# Task to carry out
Quote exactly, and only, the lines of the material below from the line with "圖為2019年6月9日,努爾" through the line with "Eduardo Vargas Cristiano".

# Material provided
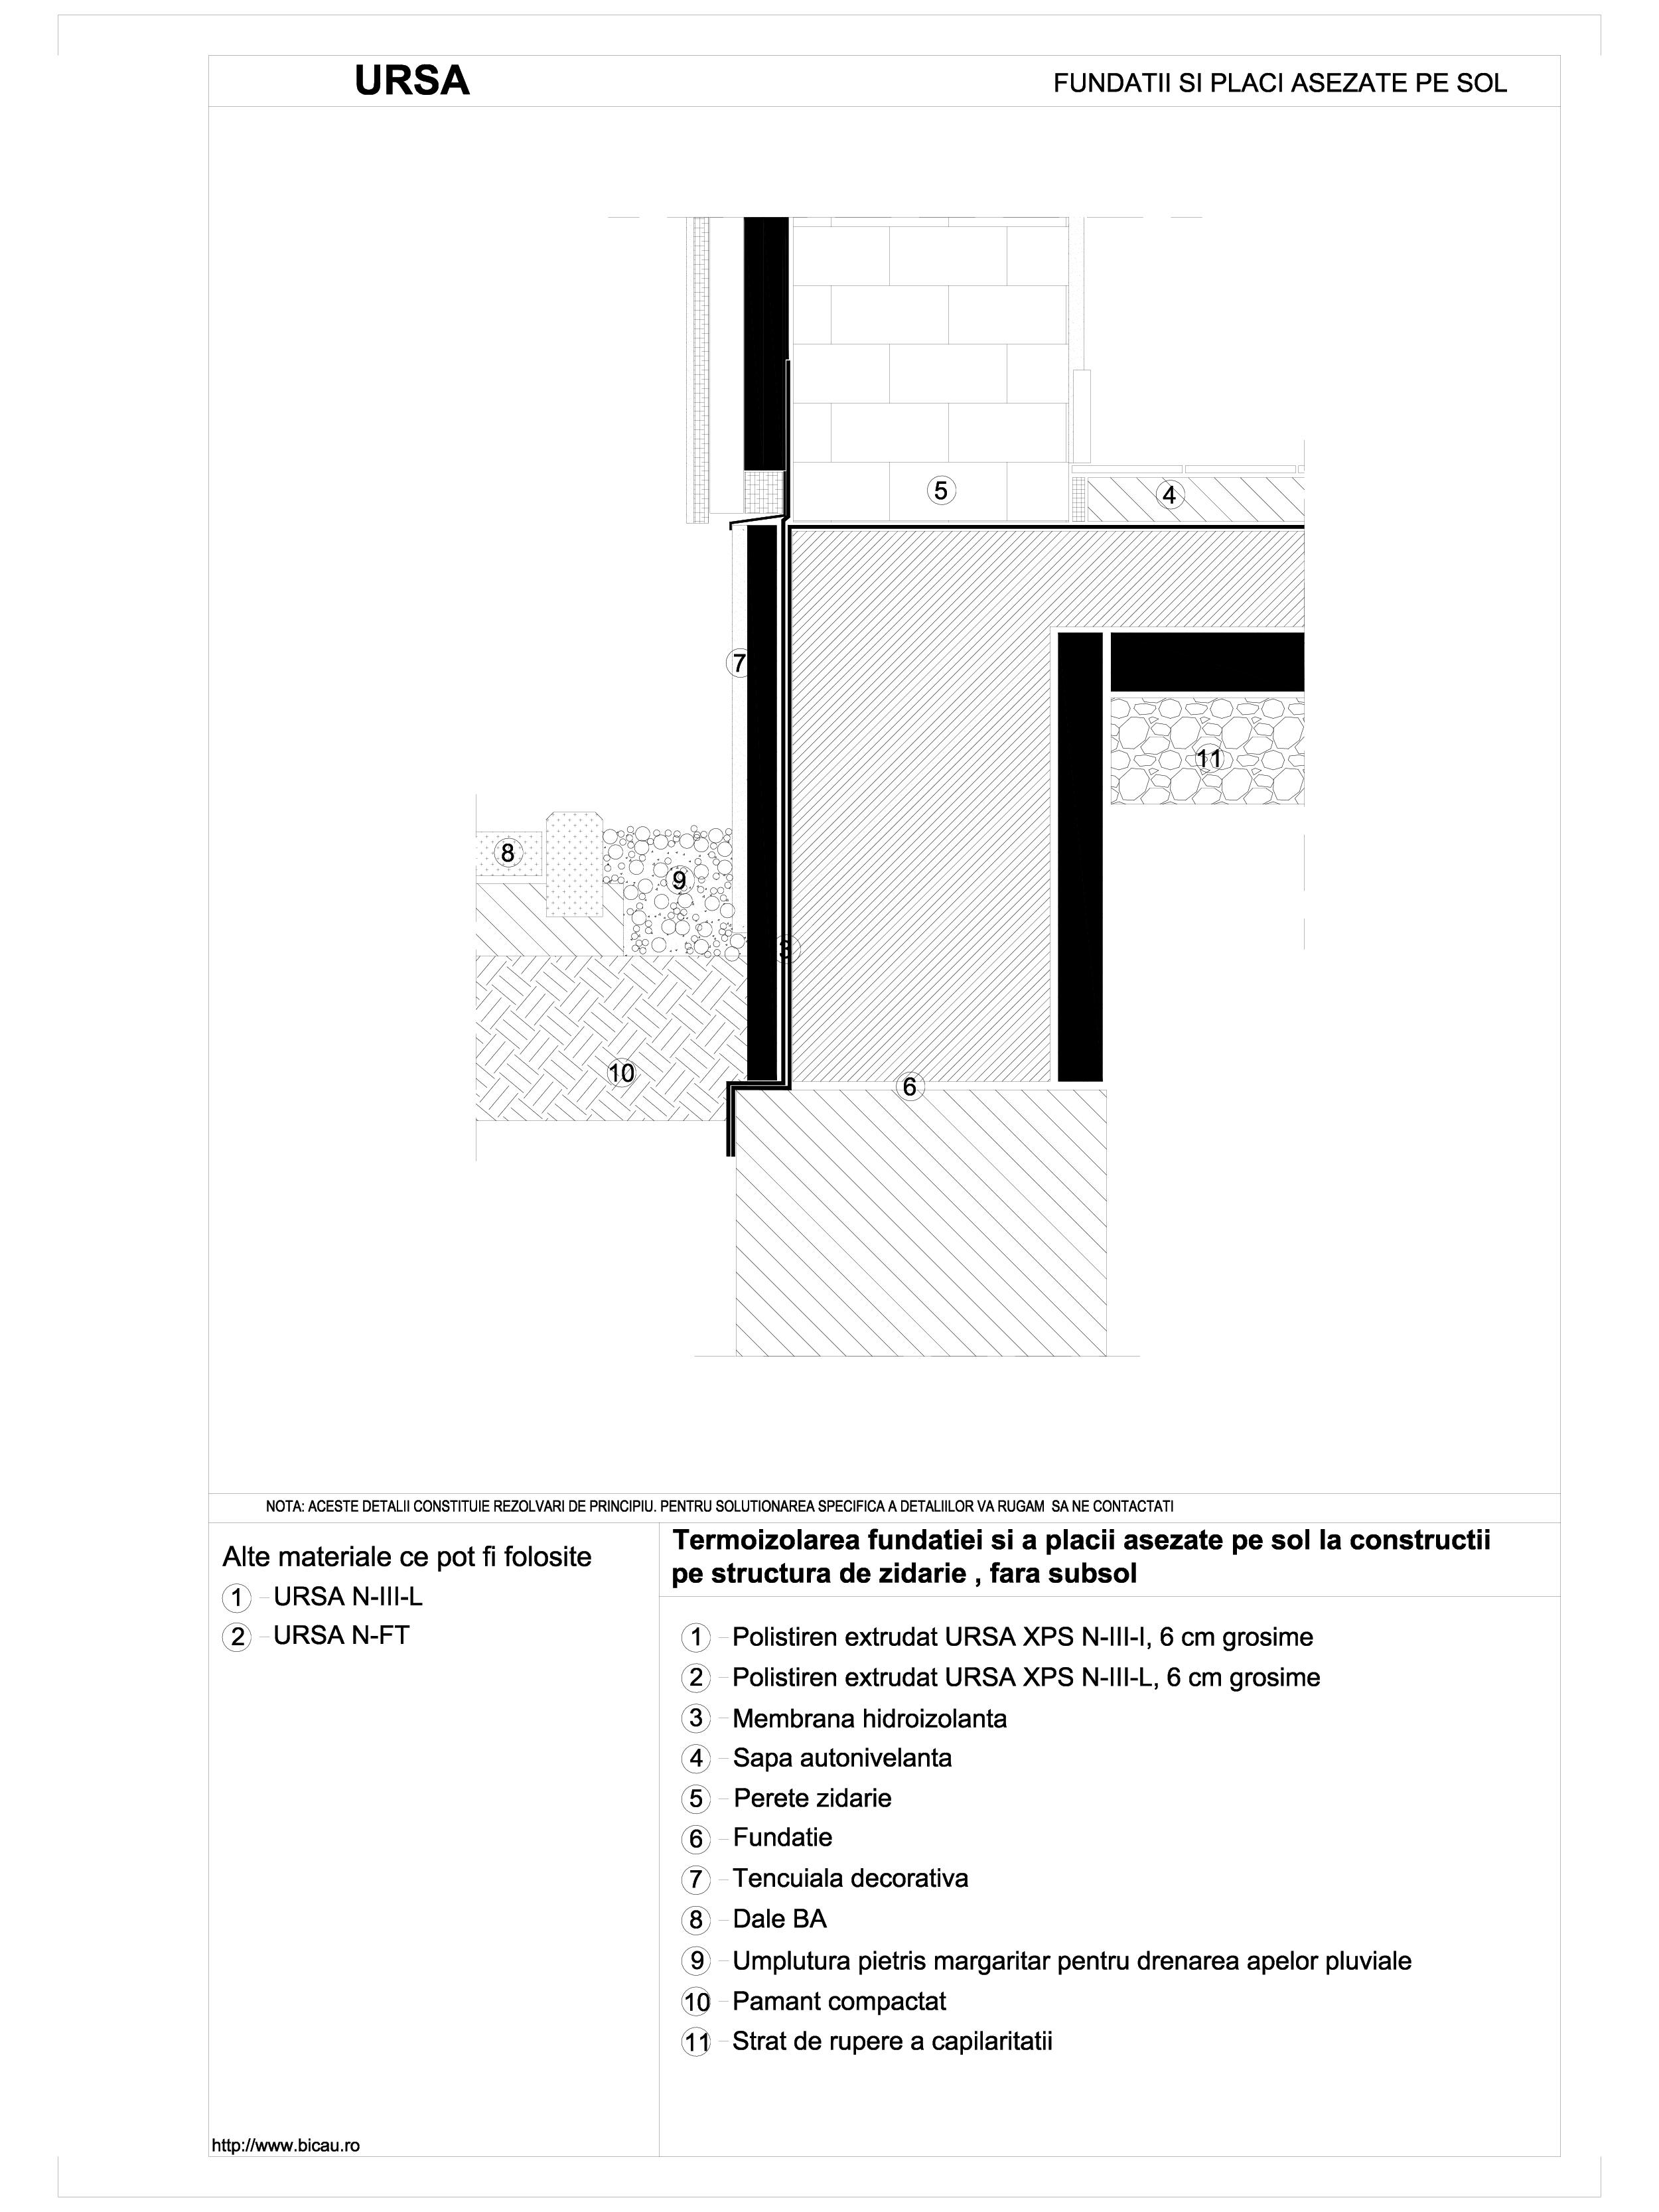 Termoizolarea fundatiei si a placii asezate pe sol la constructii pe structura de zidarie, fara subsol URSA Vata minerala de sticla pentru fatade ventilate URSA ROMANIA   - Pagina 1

* * *

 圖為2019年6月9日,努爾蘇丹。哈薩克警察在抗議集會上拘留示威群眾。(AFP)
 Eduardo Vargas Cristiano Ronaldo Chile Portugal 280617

# Solved problem
 圖為2019年6月9日,努爾蘇丹。哈薩克警察在抗議集會上拘留示威群眾。(AFP)
 Eduardo Vargas Cristiano Ronaldo Chile Portugal 280617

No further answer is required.